かなり昔、上級者に「雨(あま)宿り」の話をしたら、バンクーバーでは、雨宿りなどする人はほとんどいないとのこと、確かに、傘なしで歩いている人多し。加えて、「雨男」って、おもしろい表現ですが、読み方はなぜ「あま男」ではなくて「あめ男」なんですか、と思いもよらぬ質問を受けて、びっくり。うーん、困った思い出がある。
話し言葉における音声変化は、日本語だけでなく、どこの言語にも必ずあるはず。
たとえば、英語の「want to」が「wanna ワナ」に、Why ? 特にフランス語は言語と
して、長い、かなり込み入った歴史も絡んで、音声変化はとても複雑なようである。
会話における音声変化には一応ルールはあるが、例外も多々あり、複雑で、いちいち生徒に説明などする必要はなく、「発音のしやすさ」が一番大事、と教えるようにした。
これは日本で一番古いとされている「なぞなぞ」で、「母には二度会うが、父には一度も会わない、なーんだ?」である。答えは「くちびる」。理由は、平安、室町時代ごろの「母」の発音は、「ふぁ ふぁ」だったようで、上と下の唇が二度触れ合うが、「父」の
発音は「ち ち」で唇は一度も合わない。なるほど、面白い。でも、江戸中期以降から、
発音は「は は」になり、もはや意味が分からない「なぞなぞ」になってしまった。
このように言葉の発音はその時代、時代の人たちの言いやすさが最優先であり、時代と
ともに変化するのは当然。
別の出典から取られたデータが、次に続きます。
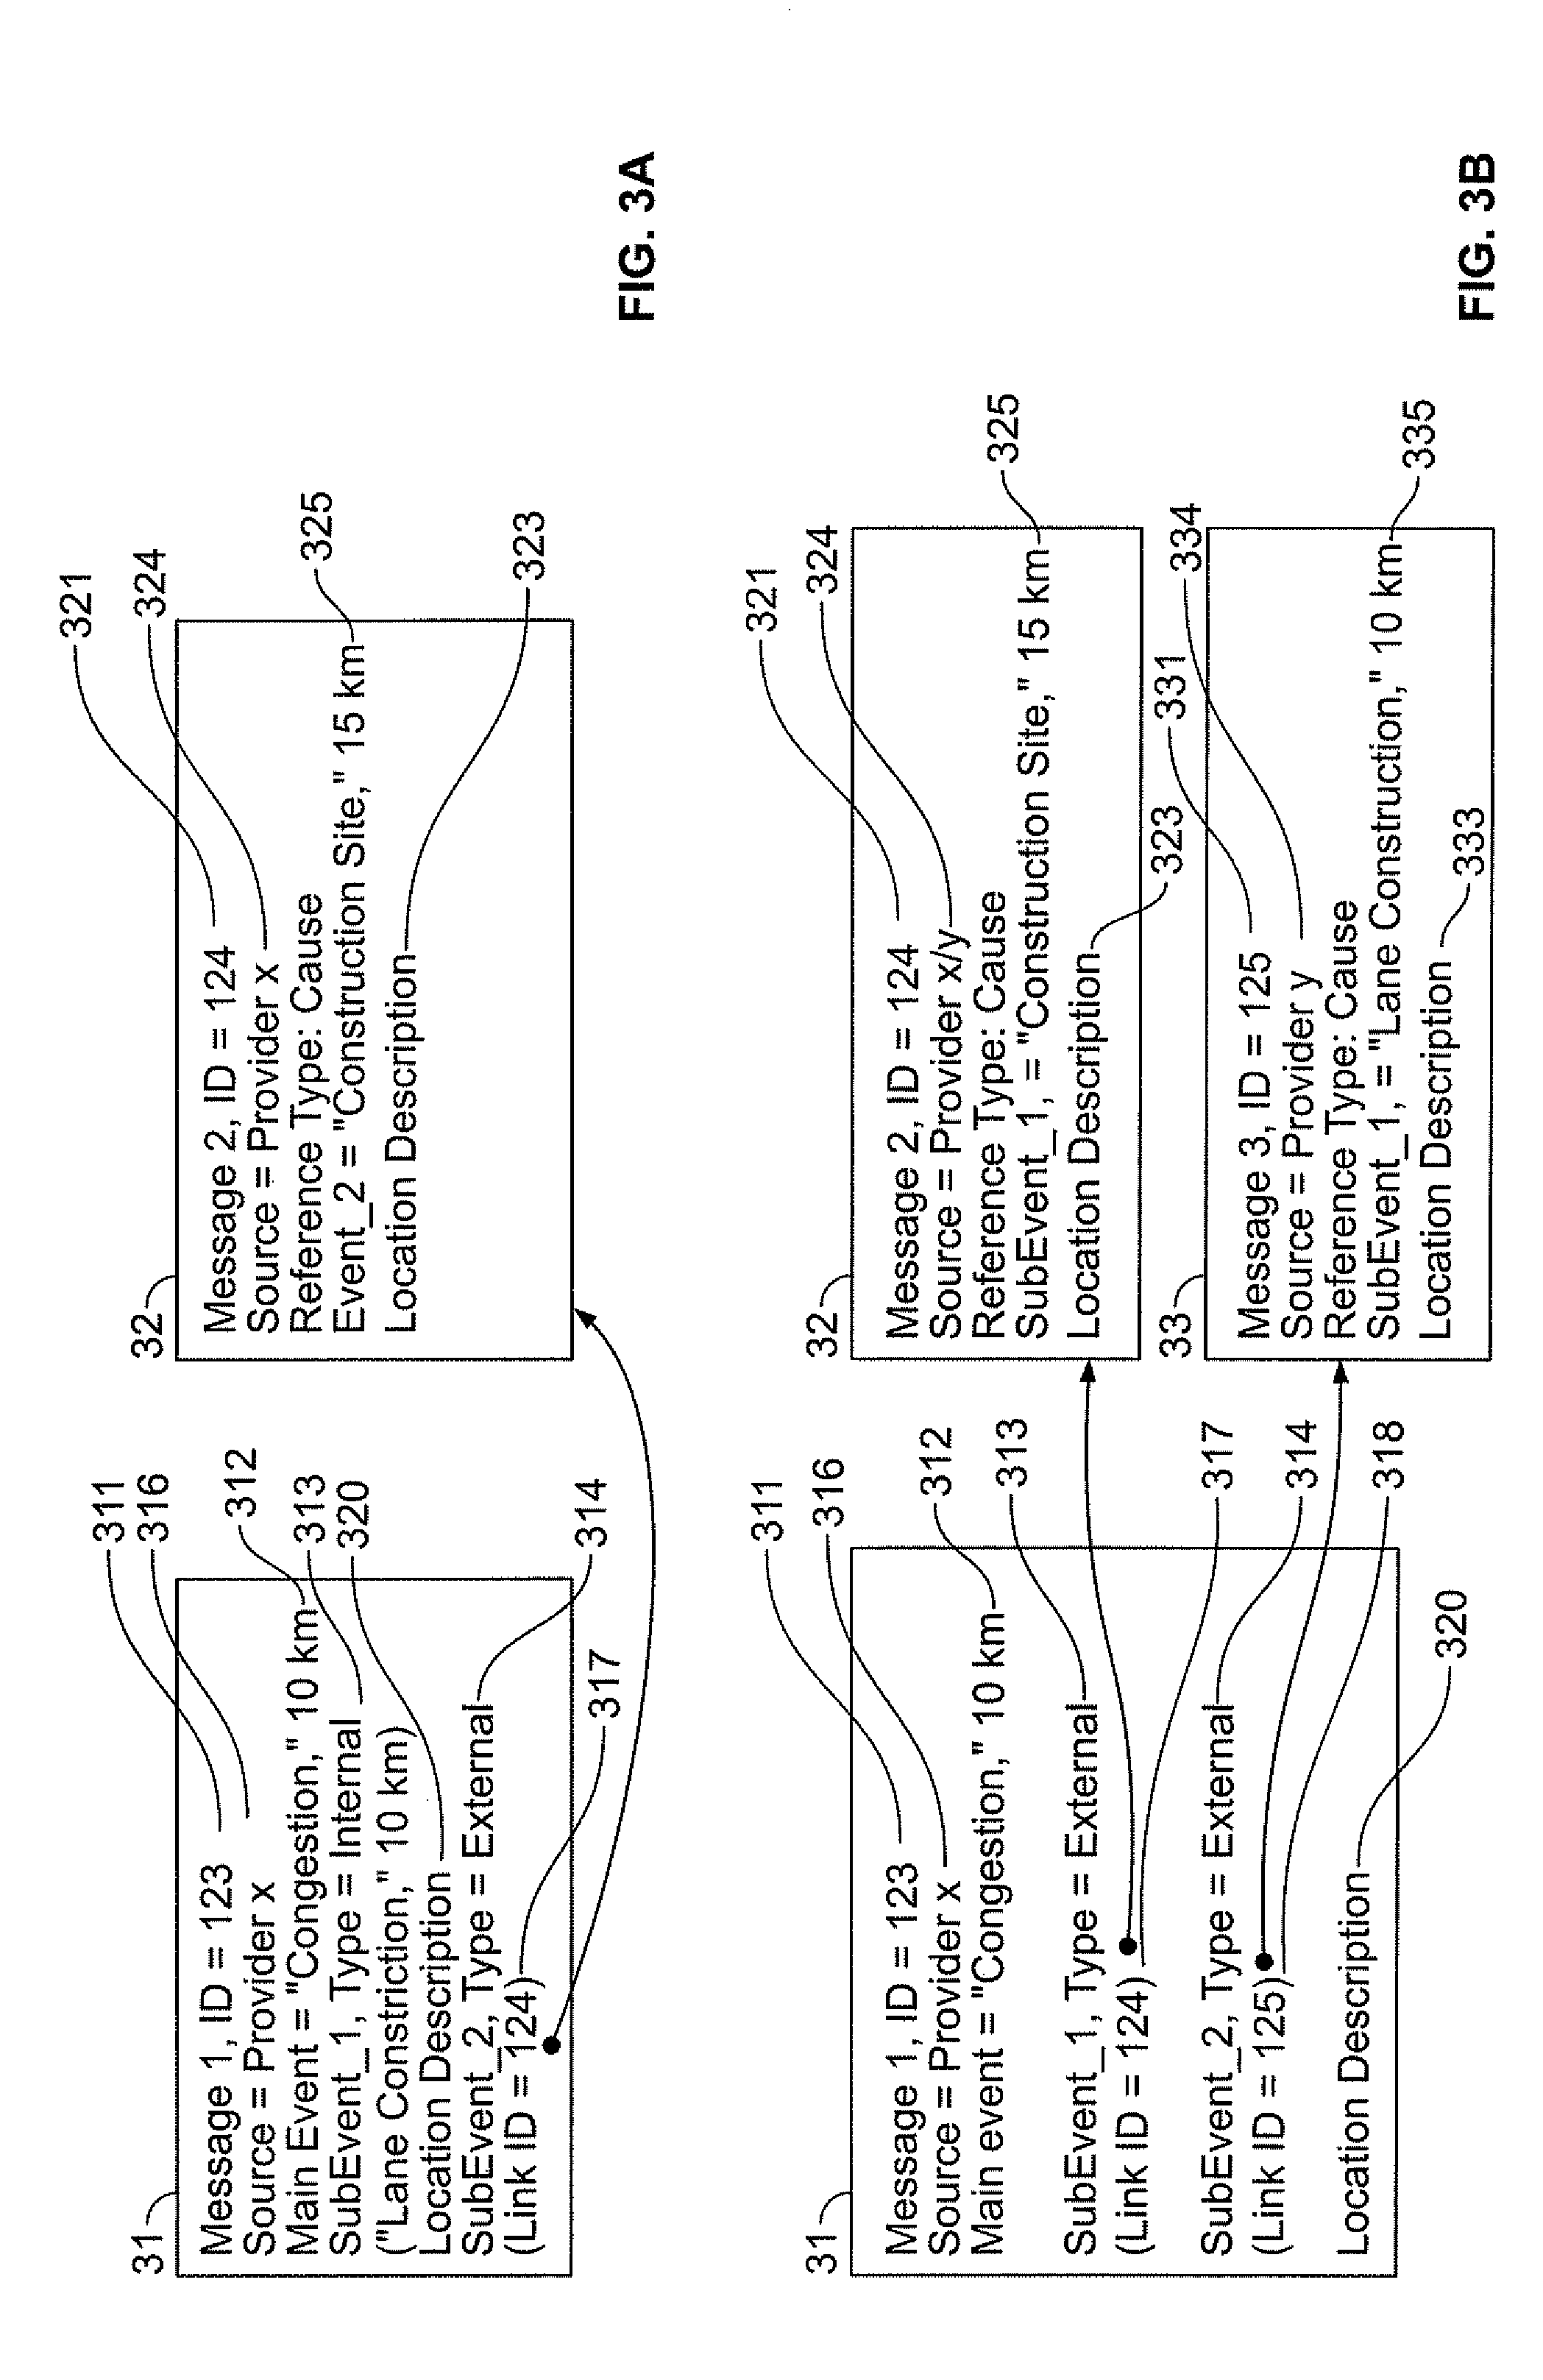 Method for encoding messages, method for decoding messages, and receiver for receiving and evaluating messages

生徒には、「あまぐも」や「あめおとこ」の発音が現代の日本人にとって、言いやすいからが理由。あまり気にせず、ぜひ慣れ親しんで、と説明ではなく、エールを送っている。ひょっとすると、100年後には、「雨雲」や「雨男」の読み方も
変わっているかも・・・。
この連濁に関してはこんな質問も。「豆腐汁」は「豆腐+じる」なのに、どうして
「味噌汁」は「味噌+じる」と濁らないのか・・・。えー、衝撃ではなく、笑撃を受けた。でも落ち着いて、日本人には「みそじる」は言いにくいし、
まずそうに聞こえるからね。 That’s all.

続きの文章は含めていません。